HubSpot Unplugged is an initiative driven by employee feedback, which includes three key components to helping with burnout:
First, they are giving all their employees a Global Week of Rest: making July 5th – July 9th a company holiday week for all employees to take time off and recharge.
I hope they didn’t take this off their annual leave allowance!
They’ve also discouraged (not banned) internal meetings on Fridays – to help combat Zoom fatigue and restore some of that positive Friday energy.
They’ll also be doing More Mental Health Programming for employees to listen, learn, and identify ways to prioritize their mental health at work.
Sounds great, right? A week off in July, no internal meetings on Fridays?
On the HubSpot site, there are plenty of positive testimonies about employees taking time to catch up on reading, do some yoga, spend time with the kids…

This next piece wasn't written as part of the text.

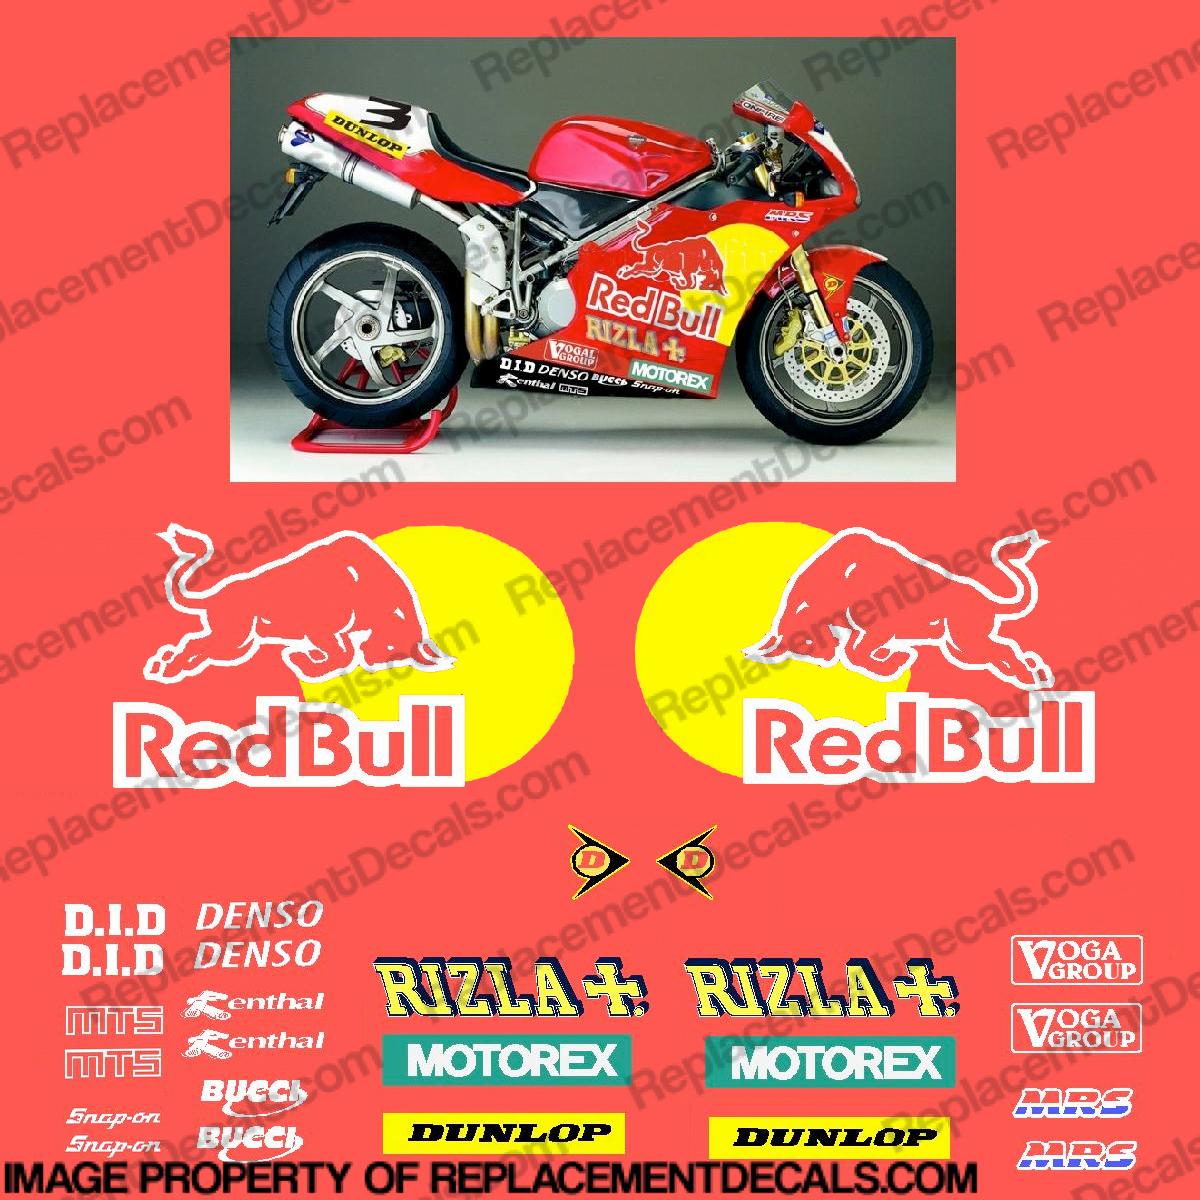 Ducati bsb redbull rizla replica decals r d rb rz

But here’s my favorite: Marketing Manager Shana Sumers Principal Marketing Manager, Diversity, Inclusion & Belonging Community Programs said that:
“Knowing that everyone I work with will also be resting takes a lot of pressure off of the potential for emergencies, last-minute items to answer, or FOMO, that famous Fear of Missing out that we covered in a previous episode.
Yes, Fear of Missing out on all the excitement at work.
But what if there’s no real excitement? What if work is just a drag?
So, we all know about burnout… And many of us have come pretty close.
But what about “Bore-Out”? Well, apparently it’s every bit as pernicious and damaging as burnout, and something has to be done about it.
So, what exactly is “bore-out”?
Well, according to Bryan Lufkin, writing on the BBC’s Worklife ‘guide to getting ahead in a changing world”, its chronic boredom, pure and simple.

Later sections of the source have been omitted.